Jean Covert Sauer, MD
Through my many years of practice as a psychiatrist (I was board certified in 1972), I’ve become very familiar with just about every tool we mental health practitioners have at our disposal. My goal has always been to give each patient the best possible chance to overcome their ailments, to be both mentally and physically healthy, to be happy, and to be a productive and positive presence in their families and their communities. Sometimes I was lucky and was able to help a patient make wonderful progress with the application of just one or two of these tools. More often, though, progress required several forms of treatment over many years.
One tool that I have always found to be reliably helpful is the relaxation and positive programming delivered by your excellent audio programs. I became aware of your audio programs while working in private practice and often shared them with my patients. They have always been a great supplement to – and occasionally an effective replacement for – other treatments I provided.

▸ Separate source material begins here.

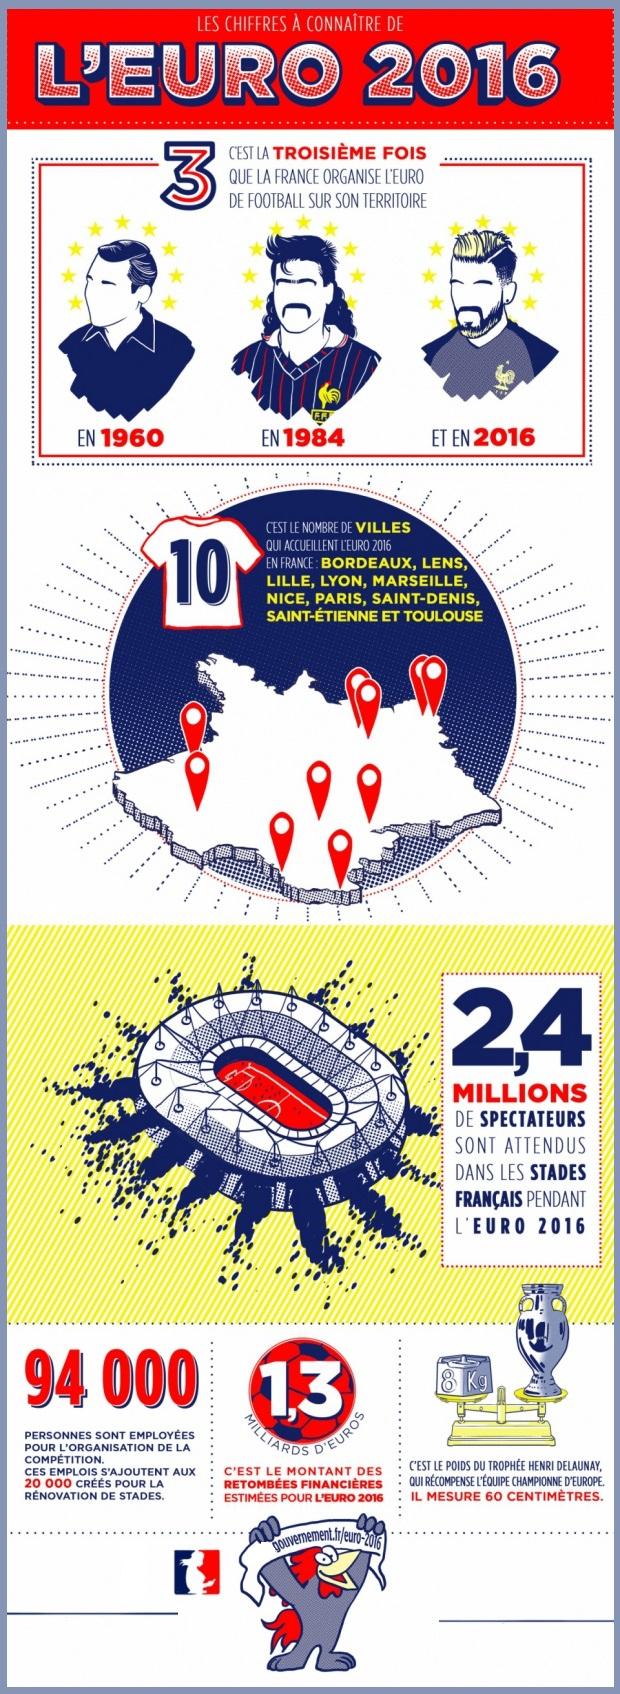 Les chiffres à connaître de l'Euro 2016 - voir en plus grand

Sadly, I feel that the practice of psychiatry, in general, has become too dependent on medication and has moved away from therapeutic approaches that can provide more permanent solutions without the negative side effects.
I shared some of your programs with the VA outpatient psychiatry unit – where I personally served for about 8 years – and the VA medical center. While their strict protocols did not allow them to include your audios in their formal treatment plans, they did make them available for veterans to sign out for home listening. Soon they were using the programs almost exclusively because they were popular among those experiencing PTSD, general anxiety, and depression problems. The staff even used these programs in place of intravenous Pentothal.

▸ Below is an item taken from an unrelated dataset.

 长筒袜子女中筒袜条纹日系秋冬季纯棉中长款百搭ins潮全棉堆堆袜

I believe that one reason your programs are especially effective with veterans is the fact that these men/soldiers often resist talking about their feelings because it’s perceived as a sign of weakness. Your programs allow them to just listen and calm their minds so the positive programming can help them.
I had the privilege to speak with Otto Raths who was a 3-star general in WWII. In his experience, he found that veterans often get hung up on the service and view their experience as the greatest thing they’ve ever done. So veterans can get “stuck” on this experience and do not mature beyond it; do not grow and learn as “normal.” He was someone who always advocated for the soldiers and did all he could think of to benefit them. He, too, was a fan of self-help programs like yours and often recommended them to veterans.
For many years I have also given your programs to medical students who are recipients of the annual scholarships that I sponsor. I think it’s good for them to learn alternatives to drug therapy. Some of these students are wise enough to realize that these programs are not only for patients but they are something that they can use themselves to help them relax and sleep. Their positive feedback tells me that they, too, will find your programs to be helpful in their service to their patients.
Thank you once again for your wonderful programs. Please let me know what I can do to help you reach more people who can benefit from them.